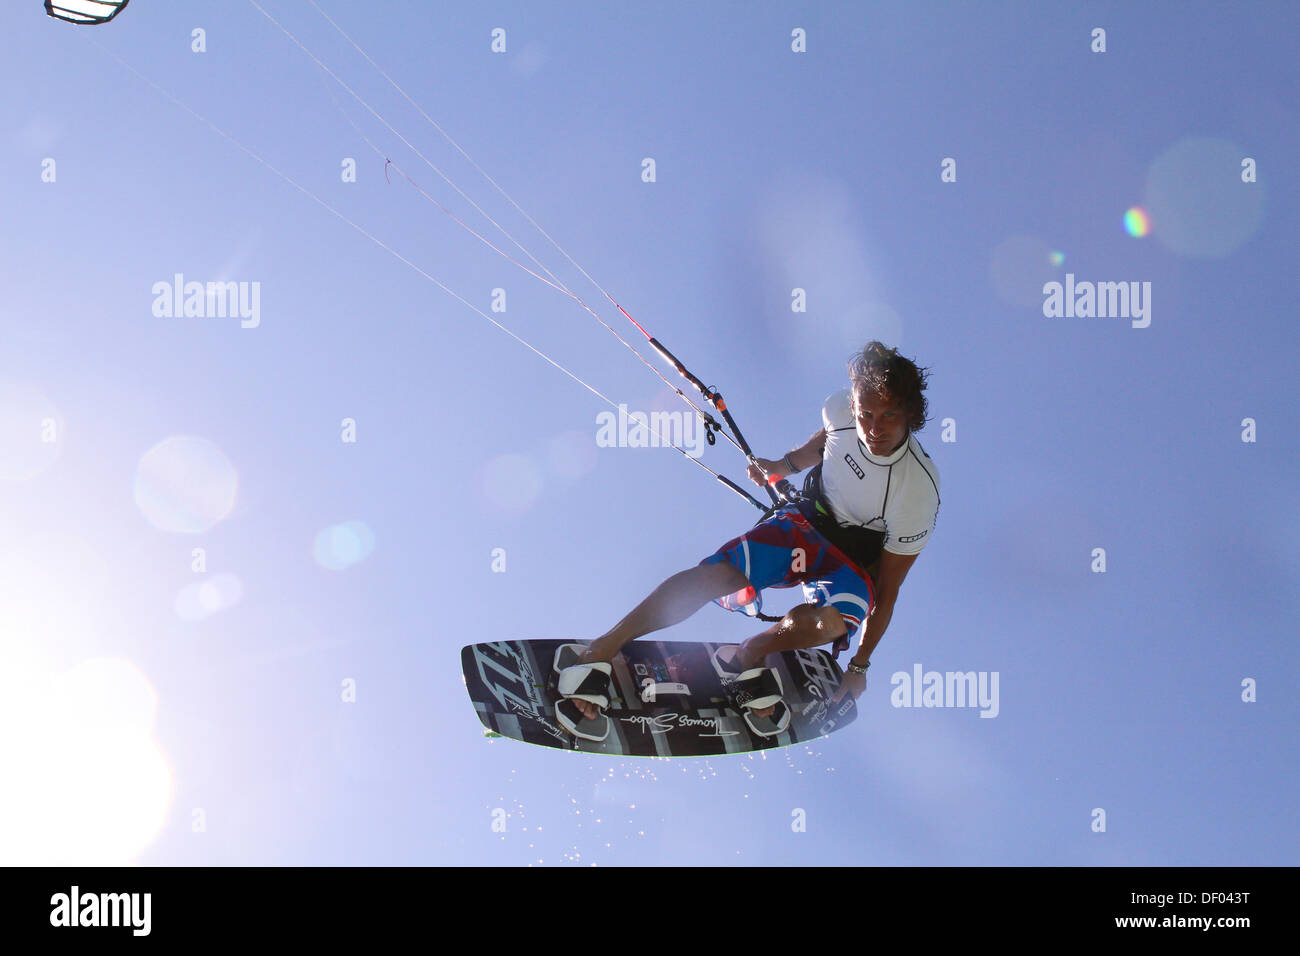 Kitesurfer jumping, El Gouna, Red Sea Governorate, Egypt Stock Photo
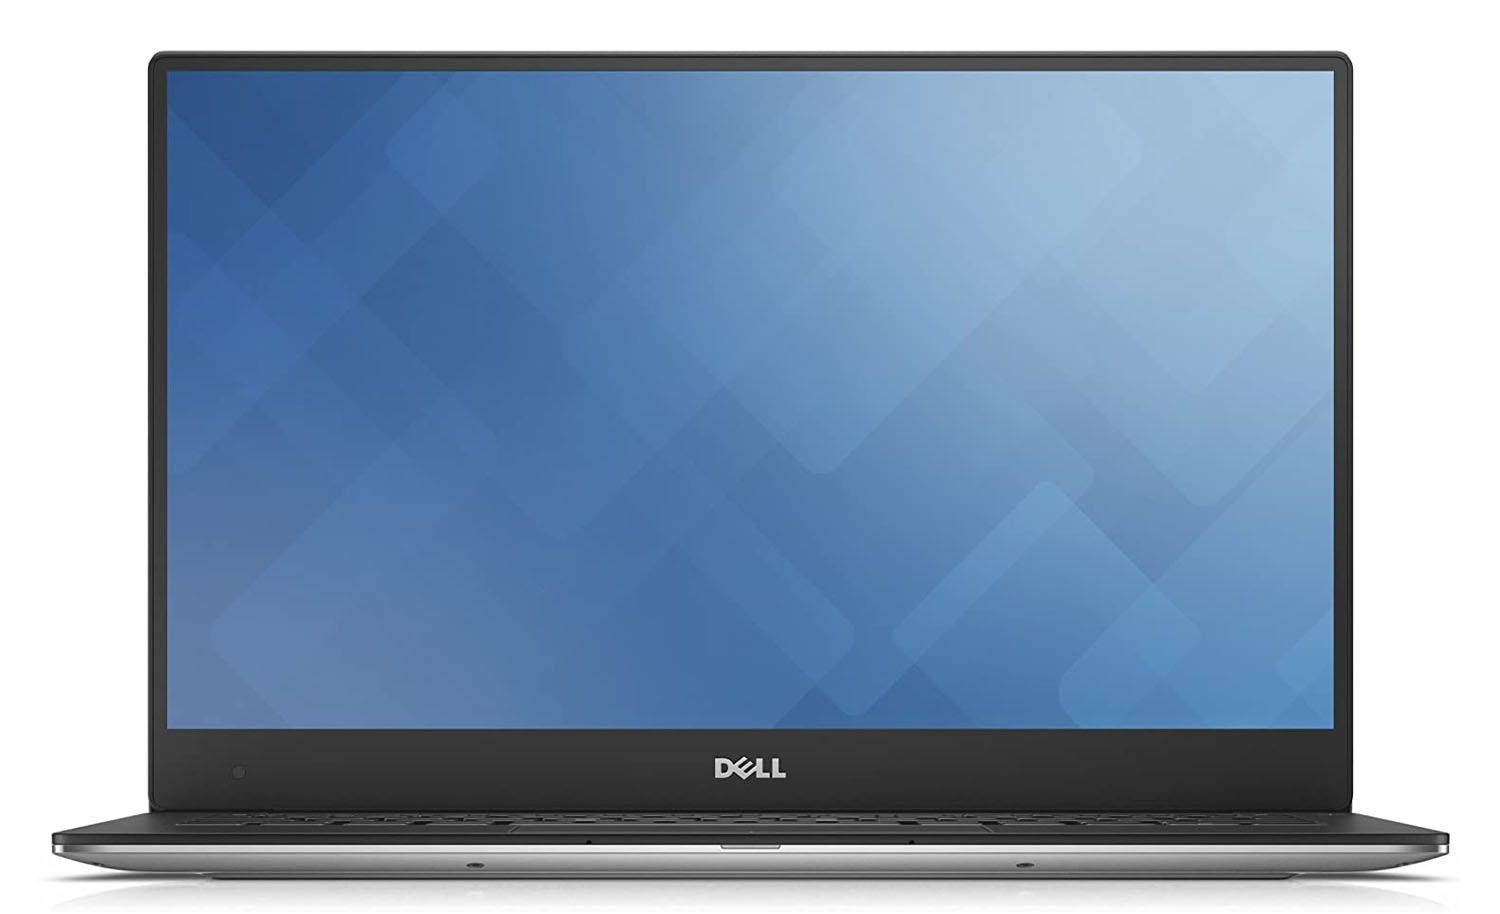 Dell XPS 13 9343 Intel Core i5 5th Gen 4GB RAM 128GB SSD Windows 10 Home
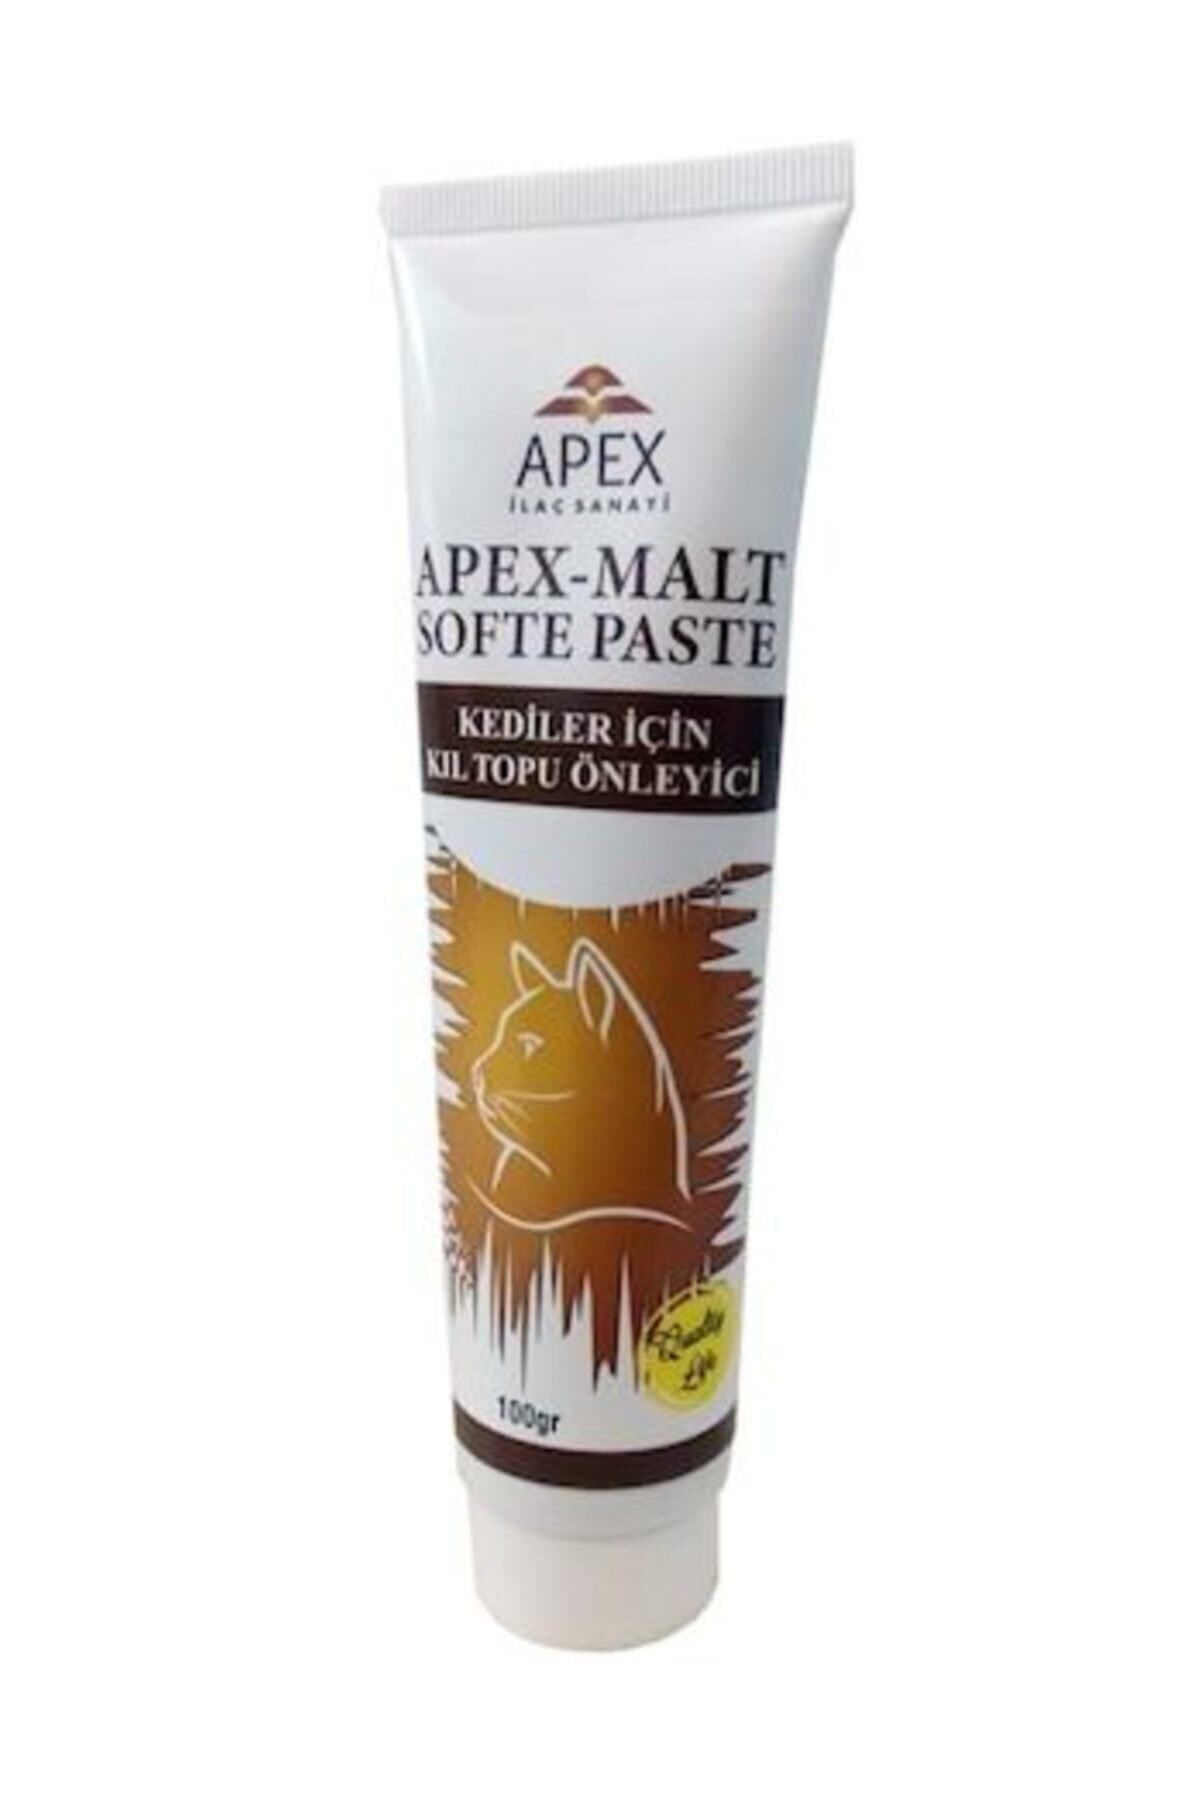 Apex Anti Hairball Kıl Topu Önleyici Kedi Malt Softe Paste 100 gr

### Task
Output the data above exactly, excluding images.

### Exercise answer
 Kitesurfer jumping, El Gouna, Red Sea Governorate, Egypt Stock Photo
 Dell XPS 13 9343 Intel Core i5 5th Gen 4GB RAM 128GB SSD Windows 10 Home
 Apex Anti Hairball Kıl Topu Önleyici Kedi Malt Softe Paste 100 gr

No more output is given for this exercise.